Наблюдать за русскими анархистами было нетрудно. Надо признать, они вели в Париже довольно вольготную жизнь и мало в чем себе отказывали. По крайней мере так мне показалось сначала. Это потом я узнал, что одни из них позволяют себе ходить по дорогим ресторанам и путешествовать первым классом, а другие снимают самые дешевые комнаты в кварталах, куда мои коллеги-полицейские старались лишний раз не совать нос, и подбирают продукты, оставленные на рынке фермерами после торгового дня.

Впрочем, первых все равно было больше. И моих работодателей интересовали именно они.
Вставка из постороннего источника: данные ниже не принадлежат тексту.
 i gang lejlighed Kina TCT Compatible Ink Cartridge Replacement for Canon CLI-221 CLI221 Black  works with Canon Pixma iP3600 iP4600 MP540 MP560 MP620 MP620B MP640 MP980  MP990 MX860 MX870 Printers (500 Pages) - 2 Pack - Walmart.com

Что ж, такая служба пришлась мне по душе! Особенно с учетом того, что оплачивалась она лучше, чем работа полицейского. Да и риска было намного меньше. Так что «его милость» был прав: это действительно было дело, для которого меня подготовила природа.

Константин Окунев

В списке множества агентов заграничной резидентуры Департамента полиции Министерства внутренних дел Российской империи числился один удивительный человек. Уникальный, я бы сказал. Его судьба достойна не моего краткого и пристрастного исследования, а большого авантюрного романа в духе Эжена Сю или Александра Дюма. Этот человек носил секретный псевдоним Дантес и был причастен ко множеству событий, без которых невозможно представить историю последней русской смуты. Да что там – в целом историю разведывательных служб Российский империи конца предыдущего и начала нынешнего столетий.
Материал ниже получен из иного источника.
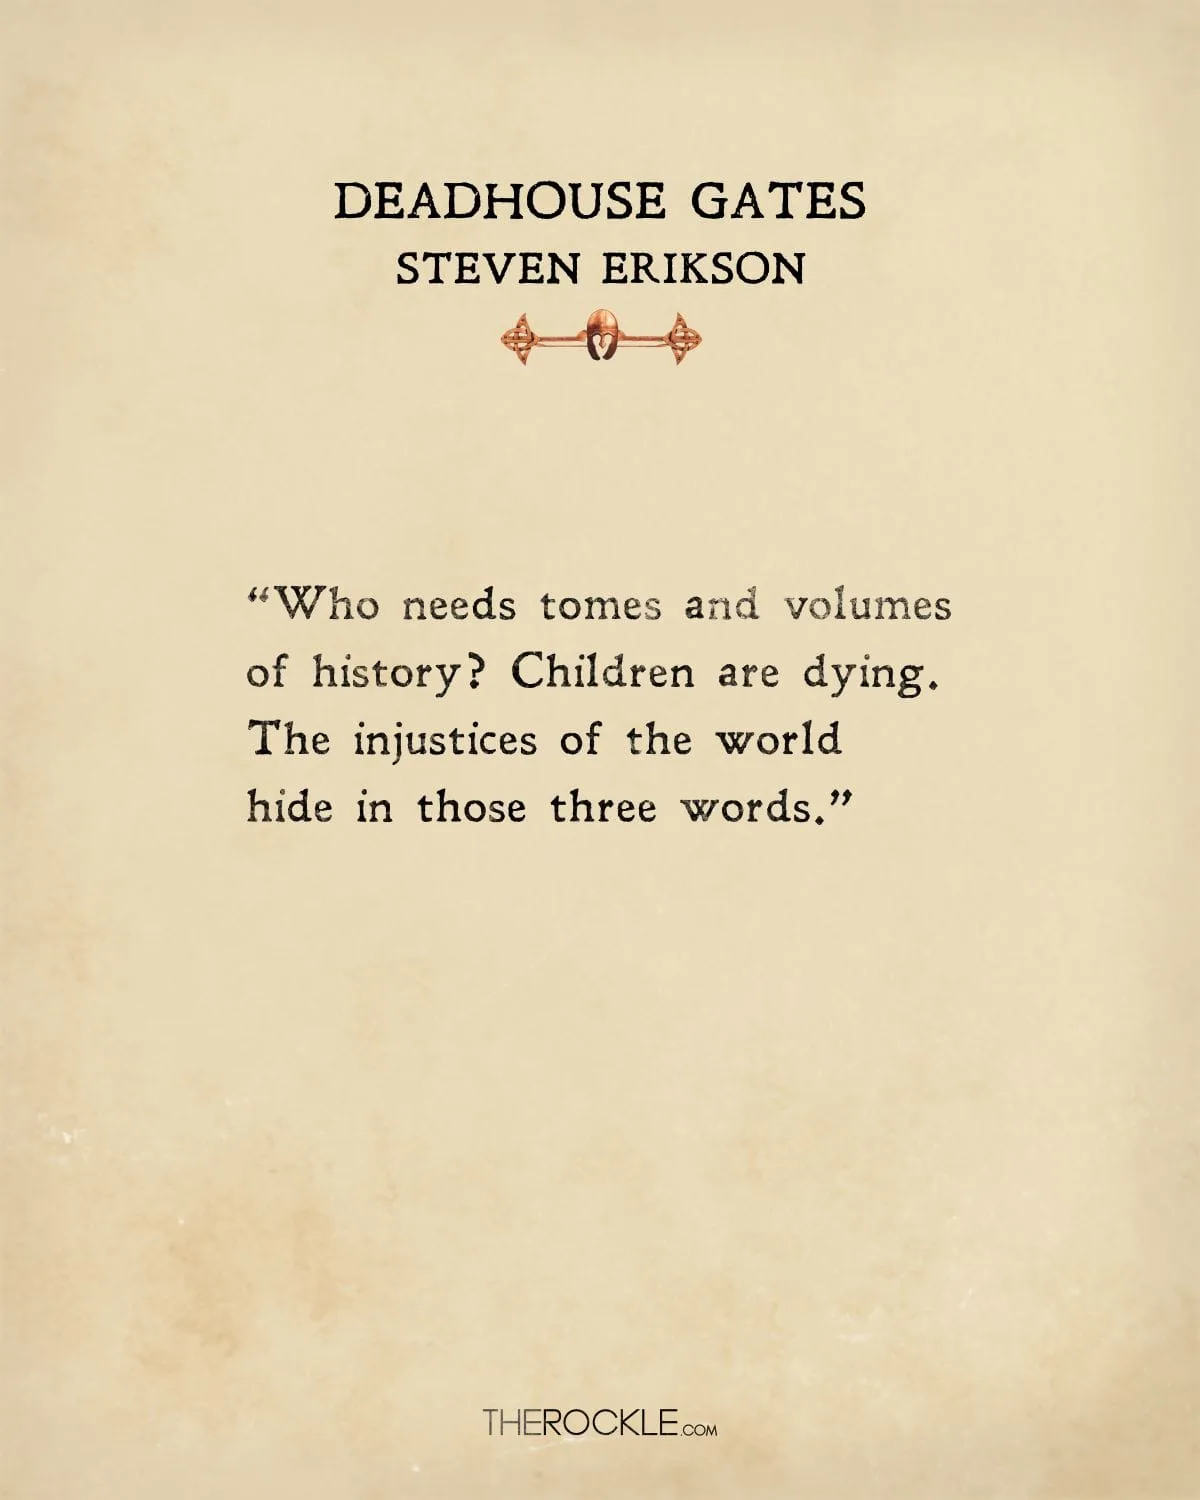 Steven Erikson quote from Deadhouse Gates

Его зовут Анри Жан Мари Бинт. Он эльзасец, уроженец городка Сульс, знаменитого тем, что именно там в ноябре 1895 года, прожив попустительством Всевышнего больше восьми десятков лет, скончался Жорж Дантес, барон Геккерн – человек, застреливший на дуэли величайшего русского поэта Александра Пушкина.

По иронии судьбы именно Жоржу Дантесу, лишившему нашу литературу одного из ее гениев, выпал жребий стать доверенным лицом российской дипломатии и разведки во Франции. Всех деталей сотрудничества барона Геккерна с секретными службами Российской империи мы до сих пор не знаем. Однако можно смело утверждать, что ему как источнику важных донесений отводилась в русской разведке особая роль.

Известно, скажем, что император Николай I в 1852 году изволил принять им же помилованного убийцу поэта во время своей поездки в гости к прусскому королю Фридриху Вильгельму IV. Кроме того, есть и недавно обнаруженные сведения о том, что в день покушения на императора Александра II, случившегося 1 (13 по новому стилю) марта 1881 года, именно барон Геккерн отправил в Санкт-Петербург срочную телеграмму. В ней утверждалось, что группа террористов «Народной воли» подготовила покушение на царскую особу и намерена реализовать свои планы 2 марта.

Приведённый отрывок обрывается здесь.